Viral genetic diversity and protective efficacy of a tetravalent dengue vaccine in two phase 3 trials

Michal Juraska, Craig A. Magaret, Jason Shao, Lindsay N. Carpp, Andrew J. Fiore-Gartland, David Benkeser, Yves Girerd-Chambaz, Edith Langevin, Carina Frago, Bruno Guy, Nicholas Jackson, Kien Duong Thi Hue, Cameron P. Simmons, Paul T. Edlefsen, and Peter B. Gilbert

PNAS August 20, 2018. 201714250; published ahead of print August 20, 2018. https://doi.org/10.1073/pnas.1714250115

Edited by Rafi Ahmed, Emory University, Atlanta, GA, and approved July 17, 2018 (received for review December 21, 2017)

 

Significance

Dengue virus (DENV) vaccine development is complicated by the existence of four genetically diverse DENV serotypes. A high degree of antigenic match between vaccine strains and circulating DENVs may be important to achieve high vaccine efficacy (VE). Using data from two phase 3 trials of the CYD-TDV vaccine, we assessed whether and how VE against virologically confirmed dengue varied with amino acid sequence characteristics and genotypes of the disease-causing DENVs. VE decreased with the degree of amino acid dissimilarity between the vaccine insert and disease-causing DENVs. After accounting for differential VE by serotype, this effect seemed to occur only for younger children, who also had lower baseline seropositivity and potentially a less broadly protective immune response.

 

Abstract

Two phase 3 placebo-controlled trials of the CYD-TDV vaccine, evaluated in children aged 2−14 y (CYD14) and 9−16 y (CYD15), demonstrated vaccine efficacy (VE) of 56.5% and 60.8%, respectively, against symptomatic virologically confirmed dengue (VCD). Sieve analyses were conducted to evaluate whether and how VE varied with amino acid sequence features of dengue viruses (DENVs). DENV premembrane/envelope amino acid sequences from VCD endpoint cases were aligned with the vaccine insert sequences, and extensions of the proportional hazards model were applied to assess variation in VE with amino acid mismatch proportion distances from vaccine strains, individual amino acid residues, and phylogenetic genotypes. In CYD14, VE against VCD of any serotype (DENV-Any) decreased significantly with increasing amino acid distance from the vaccine, whereas in CYD15, VE against DENV-Any was distance-invariant. Restricting to the common age range and amino acid distance range between the trials and accounting for differential VE by serotype, however, showed no evidence of VE variation with distance in either trial. In serotype-specific analyses, VE against DENV4 decreased significantly with increasing amino acid distance from the DENV4 vaccine insert and was significantly greater against residue-matched DENV4 at eight signature positions. These effects were restricted to 2- to 8-y-olds, potentially because greater seropositivity of older children at baseline might facilitate a broader protective immune response. The relevance of an antigenic match between vaccine strains and circulating DENVs was also supported by greater estimated VE against serotypes and genotypes for which the circulating DENVs had shorter amino acid sequence distances from the vaccine.

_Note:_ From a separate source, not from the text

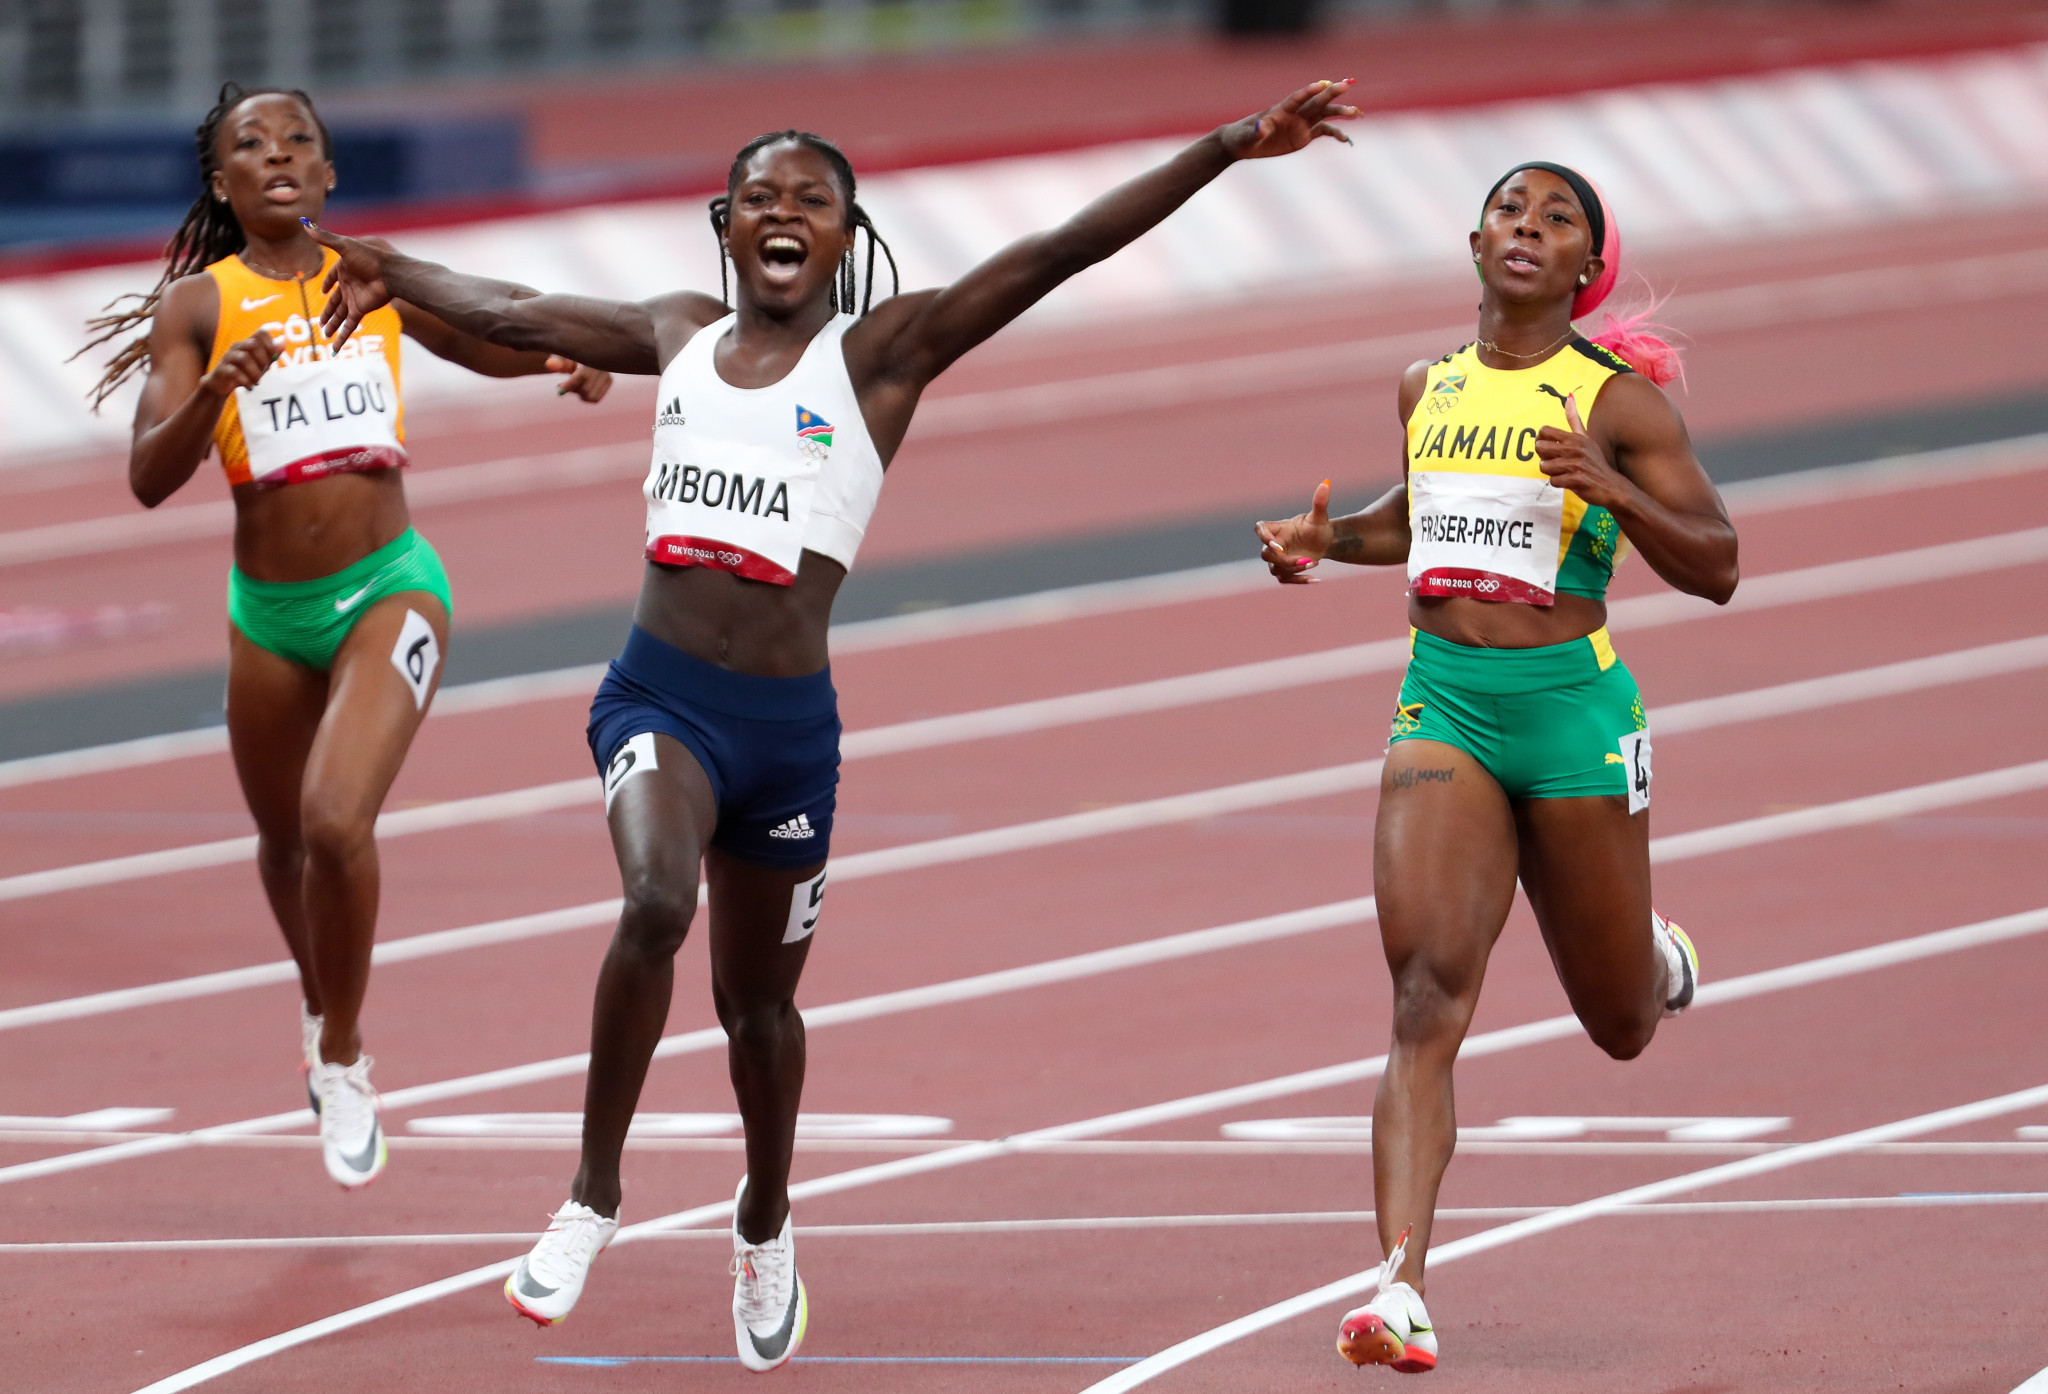 Christine Mboma, centre, won silver in the women's 200m at Tokyo 2020, but admitted her and Beatrice Masilingi's bans from the 400m were

amino acid position signatures – CYD-TDV – dengue virus – sieve analysis – vaccine efficacy

 

Footnotes

1 P.T.E. and P.B.G. contributed equally to this work.

2 To whom correspondence should be addressed. Email: pgilbert@scharp.org.

Author contributions: M.J., C.A.M., B.G., N.J., P.T.E., and P.B.G. designed research; Y.G.-C., E.L., C.F., B.G., N.J., K.D.T.H., and C.P.S. performed research; K.D.T.H. led the operational aspects of the DENV prM/E sequencing; C.P.S. provided oversight of the dengue prM/E sequencing; Y.G.-C. and C.F. acquired data; M.J., C.A.M., J.S., A.J.F.-G., D.B., P.T.E., and P.B.G. analyzed data; C.A.M., Y.G.-C., and E.L. curated data; M.J., C.A.M., J.S., L.N.C., A.J.F.-G., D.B., Y.G.-C., B.G., N.J., P.T.E., and P.B.G. interpreted data; P.B.G. provided oversight of the statistical analyses; and M.J., L.N.C., and P.B.G. wrote the paper.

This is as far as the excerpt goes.